= Work instructions =
Starting with the line that has "Hemingway's rifle" and finishing with the line that has "شجرةٌ عظيمة، حديقة البلفدير، تونس.", set down each line below exactly. Pictures are not copied.

= Material provided =
══════════
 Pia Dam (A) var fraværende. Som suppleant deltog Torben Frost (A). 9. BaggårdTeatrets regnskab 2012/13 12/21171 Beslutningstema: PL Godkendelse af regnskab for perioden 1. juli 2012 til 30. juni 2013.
══════════
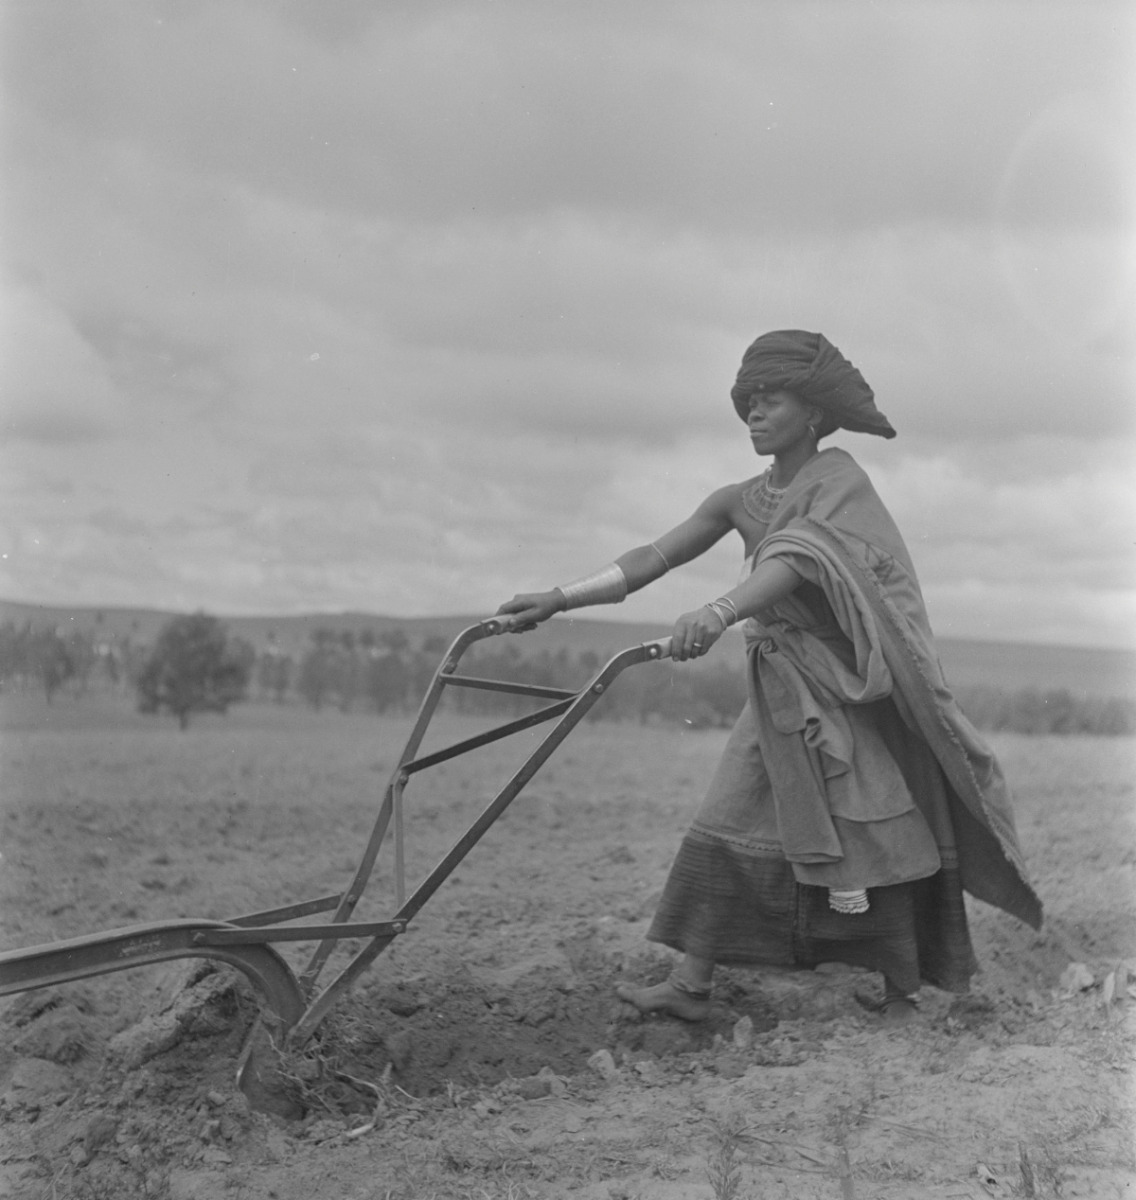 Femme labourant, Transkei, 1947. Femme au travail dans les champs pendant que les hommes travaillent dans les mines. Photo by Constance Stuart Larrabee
══════════
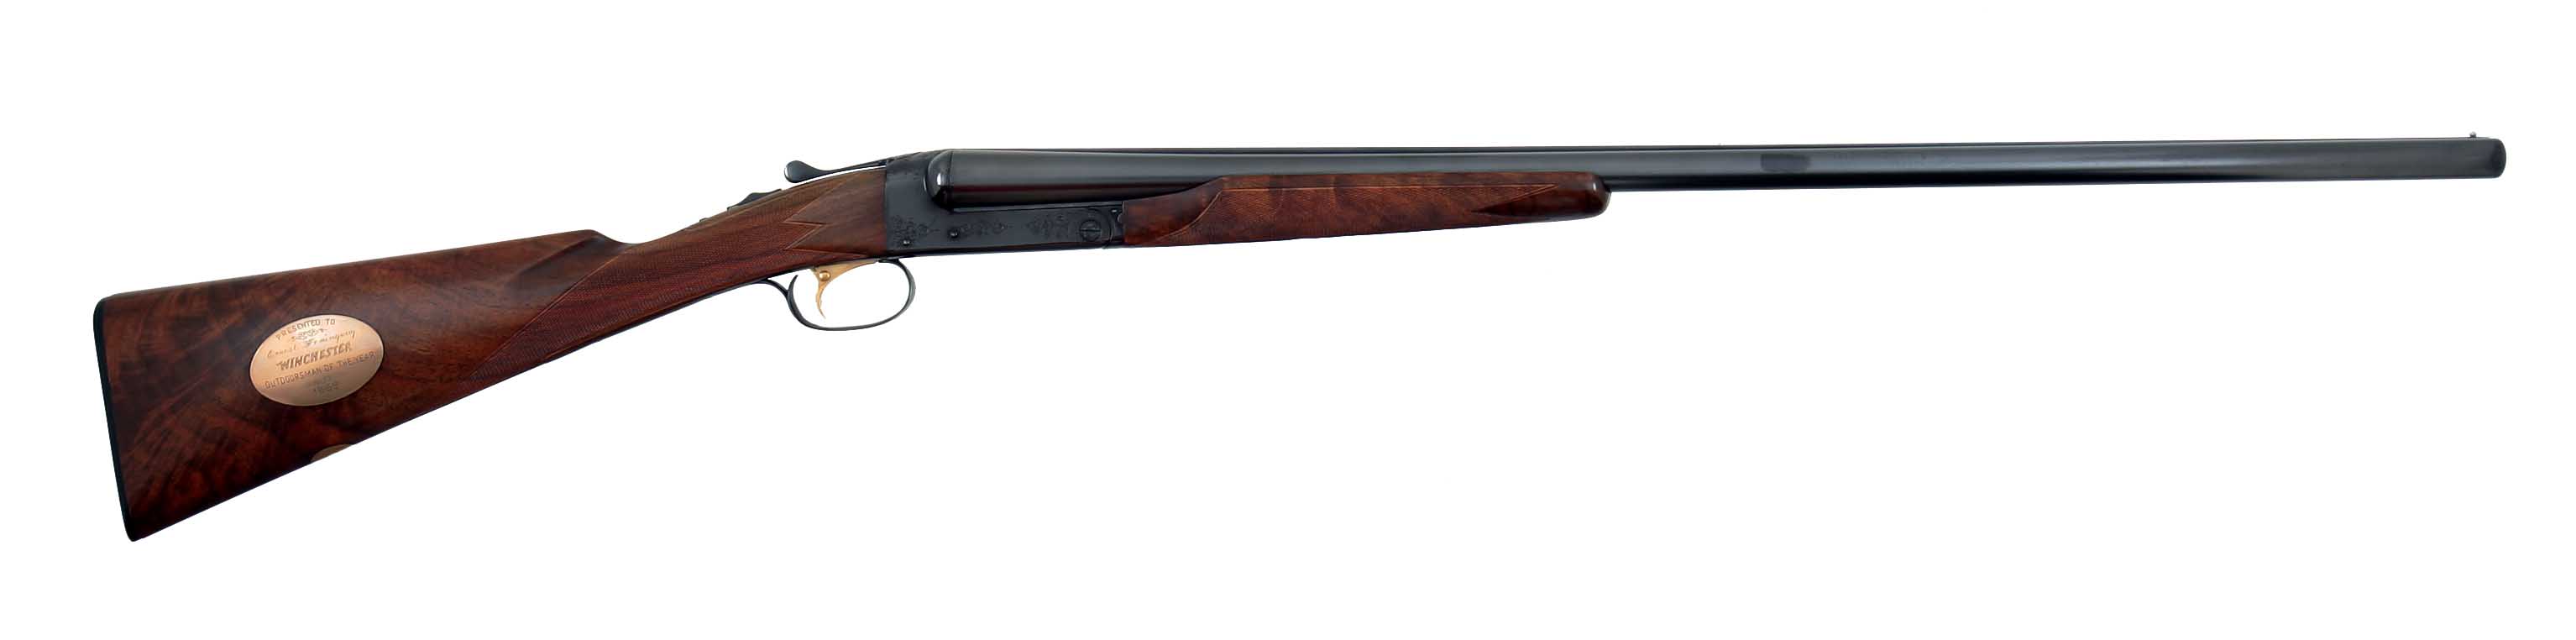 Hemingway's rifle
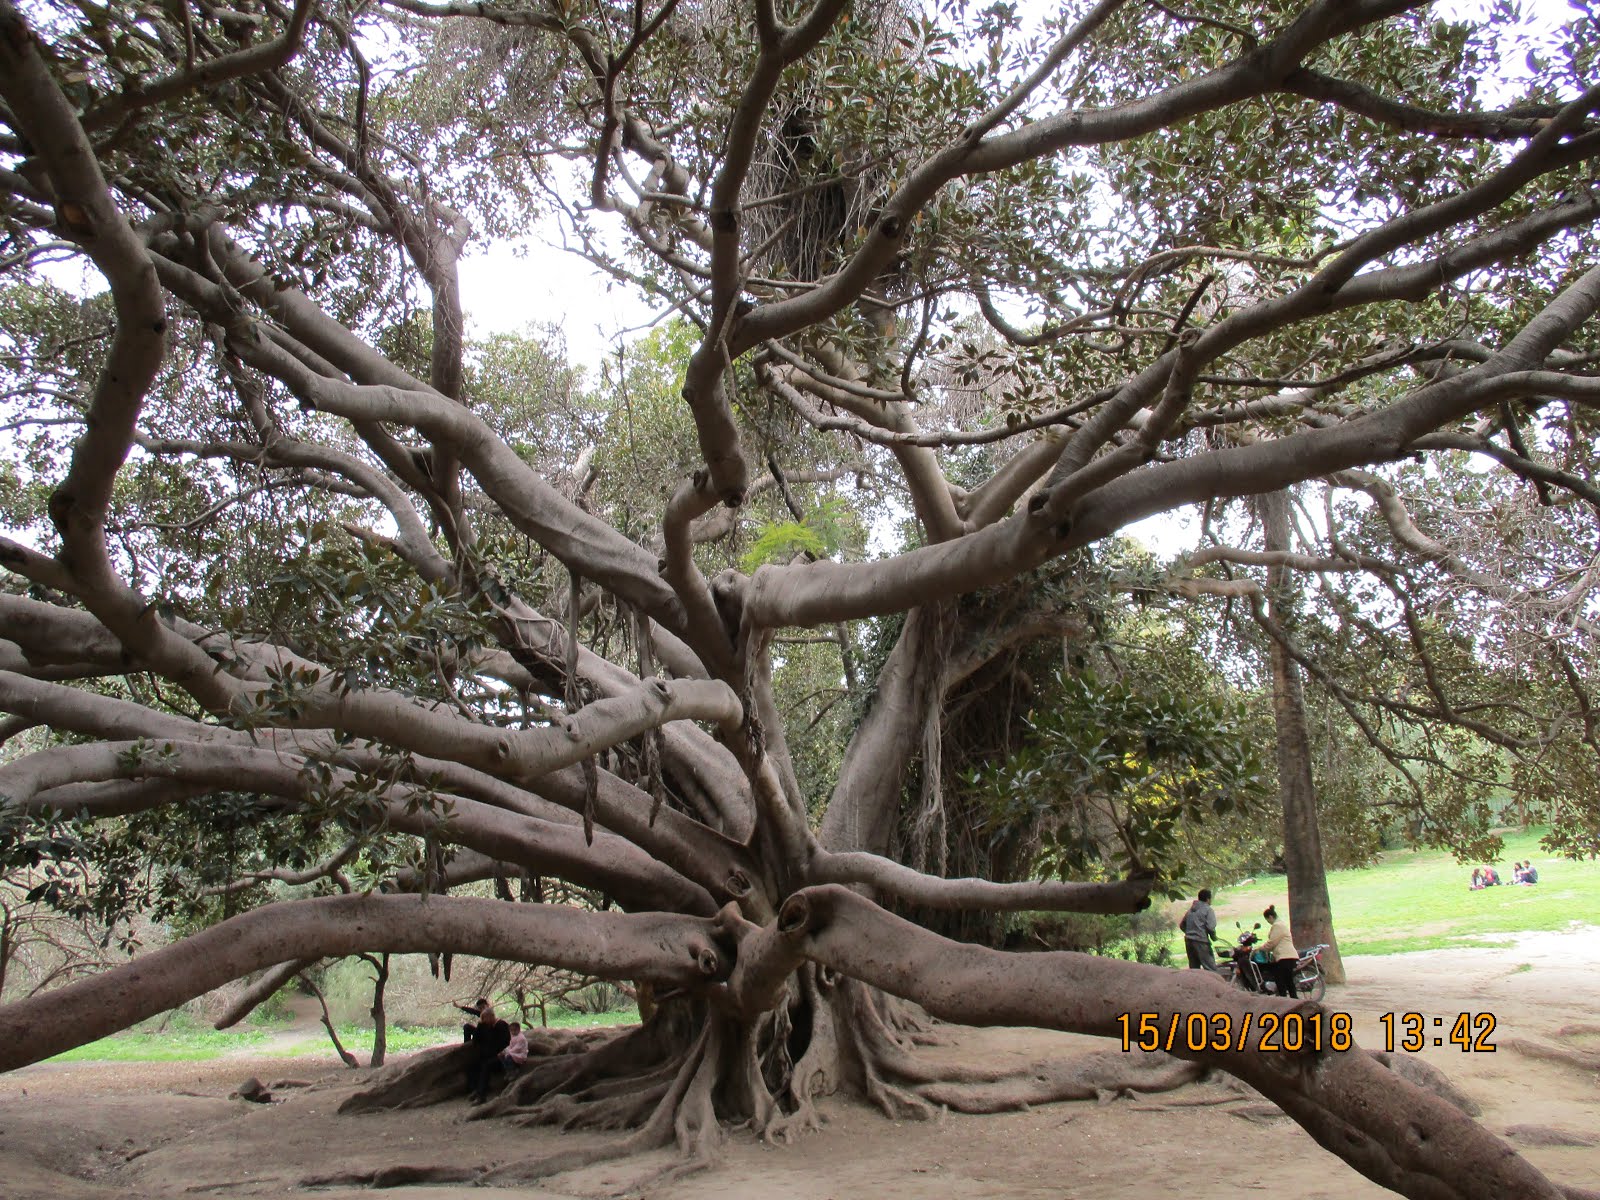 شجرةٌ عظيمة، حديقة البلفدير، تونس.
══════════
= Solution to this problem =
 Hemingway's rifle
 شجرةٌ عظيمة، حديقة البلفدير، تونس.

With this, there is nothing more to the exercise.